Vectorization is the practice of applying operations to entire arrays at once, rather than iterating through elements. Vectorized operations in pandas are typically 10-100x faster than loops.

Why Vectorization Matters

The Problem with Loops

import pandas as pd
import numpy as np
import time

df = pd.DataFrame({
    'A': np.random.randn(100000),
    'B': np.random.randn(100000)
})

# Slow: iterating with a loop
def slow_sum(df):
    result = []
    for i in range(len(df)):
        result.append(df.iloc[i]['A'] + df.iloc[i]['B'])
    return result

# Even slower: iterrows
def slower_sum(df):
    result = []
    for idx, row in df.iterrows():
        result.append(row['A'] + row['B'])
    return result

The Vectorized Solution

# Fast: vectorized operation
df['C'] = df['A'] + df['B']

Performance Comparison

n = 100000
df = pd.DataFrame({
    'A': np.random.randn(n),
    'B': np.random.randn(n)
})

# Method 1: iterrows (slowest)
start = time.time()
result = []
for idx, row in df.iterrows():
    result.append(row['A'] + row['B'])
iterrows_time = time.time() - start

# Method 2: apply (slow)
start = time.time()
result = df.apply(lambda row: row['A'] + row['B'], axis=1)
apply_time = time.time() - start

# Method 3: vectorized (fast)
start = time.time()
result = df['A'] + df['B']
vector_time = time.time() - start

print(f"iterrows: {iterrows_time:.3f}s")
print(f"apply:    {apply_time:.3f}s")
print(f"vectorized: {vector_time:.6f}s")

Typical results:

iterrows: 4.521s
apply:    1.234s
vectorized: 0.001s

Common Vectorized Operations

Arithmetic

# Element-wise operations
df['sum'] = df['A'] + df['B']
df['diff'] = df['A'] - df['B']
df['product'] = df['A'] * df['B']
df['ratio'] = df['A'] / df['B']
df['power'] = df['A'] ** 2

Comparisons

# Returns boolean Series
mask = df['A'] > 0
mask = df['A'] >= df['B']
mask = (df['A'] > 0) & (df['B'] < 0)
mask = (df['A'] > 0) | (df['B'] > 0)

String Operations (with .str accessor)

df = pd.DataFrame({'text': ['hello', 'world', 'python']})
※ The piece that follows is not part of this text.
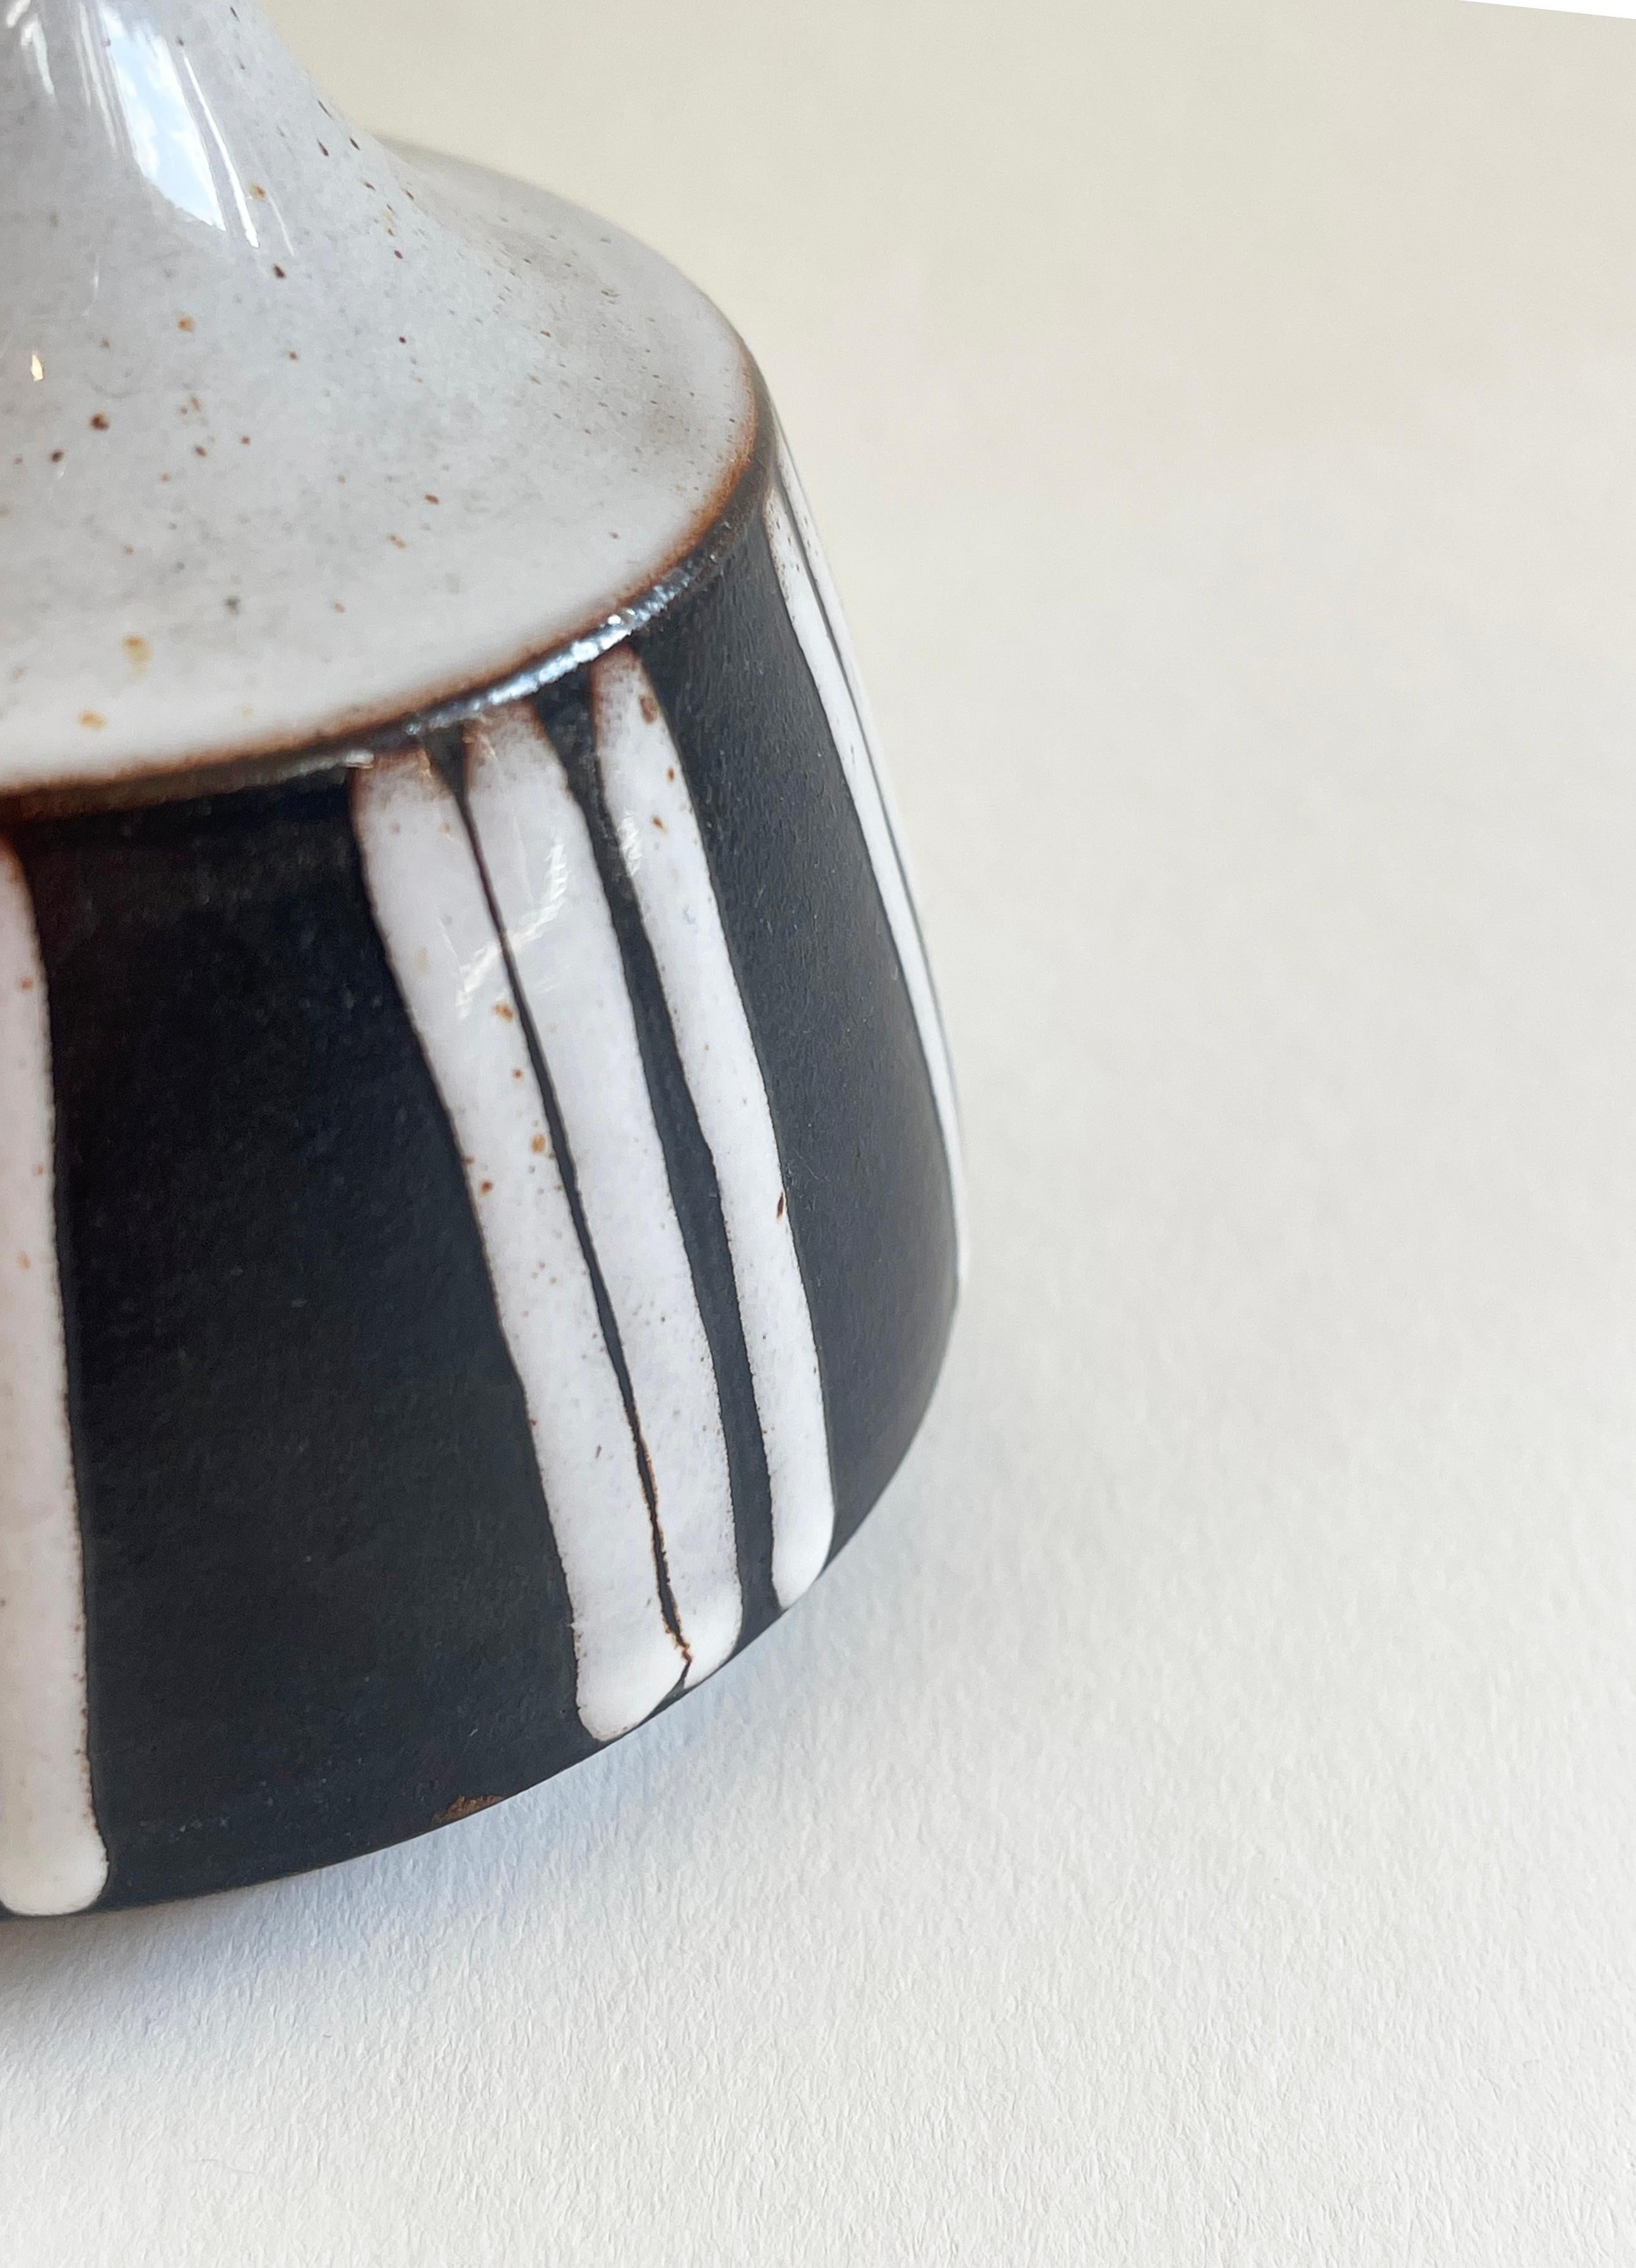 Diese kleine Vase aus deutscher Studio-Keramik strahlt eine schöne ethnische Atmosphäre aus.
Diese um 1970 hergestellte Vase ist ein Unikat und von BS Goslar signiert.
Die beigen Flächen einschließlich der Streifen sind glänzend und leicht

# Vectorized string operations
df['upper'] = df['text'].str.upper()
df['length'] = df['text'].str.len()
df['contains_o'] = df['text'].str.contains('o')
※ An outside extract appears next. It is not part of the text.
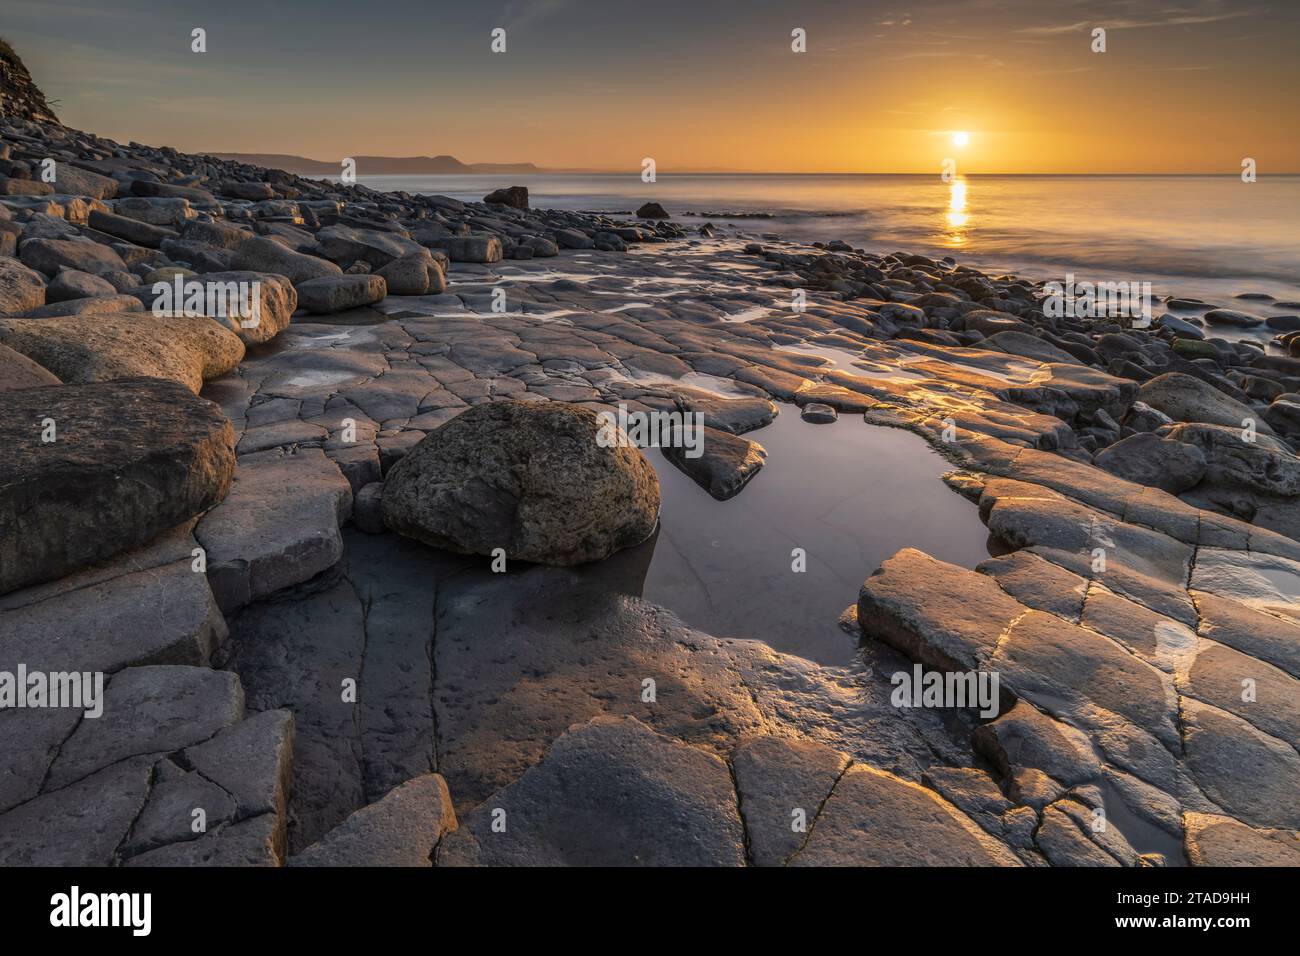 Lever du soleil sur la baie de Lyme depuis le trottoir Ammonite, Lyme Regis, Dorset, Angleterre. Hiver (février) 2022. Banque D'Images

Datetime Operations (with .dt accessor)

df = pd.DataFrame({'date': pd.date_range('2024-01-01', periods=100)})

# Vectorized datetime operations
df['year'] = df['date'].dt.year
df['month'] = df['date'].dt.month
df['weekday'] = df['date'].dt.dayofweek

Replacing Loops with Vectorization

Conditional Assignment

# Instead of:
for i in range(len(df)):
    if df.loc[i, 'A'] > 0:
        df.loc[i, 'result'] = 'positive'
    else:
        df.loc[i, 'result'] = 'negative'

# Use:
df['result'] = np.where(df['A'] > 0, 'positive', 'negative')

Multiple Conditions

# Instead of complex if-elif-else in loop:
conditions = [
    df['A'] > 1,
    df['A'] > 0,
    df['A'] > -1
]
choices = ['high', 'medium', 'low']
df['category'] = np.select(conditions, choices, default='very_low')

Cumulative Operations

# Instead of loop with running total:
df['cumsum'] = df['A'].cumsum()
df['cumprod'] = df['A'].cumprod()
df['cummax'] = df['A'].cummax()
df['cummin'] = df['A'].cummin()

Shifting and Differencing

# Instead of loop comparing to previous row:
df['prev_A'] = df['A'].shift(1)
df['change'] = df['A'].diff()
df['pct_change'] = df['A'].pct_change()

Rolling Operations

# Instead of loop calculating moving average:
df['rolling_mean'] = df['A'].rolling(window=5).mean()
df['rolling_std'] = df['A'].rolling(window=5).std()
df['rolling_sum'] = df['A'].rolling(window=5).sum()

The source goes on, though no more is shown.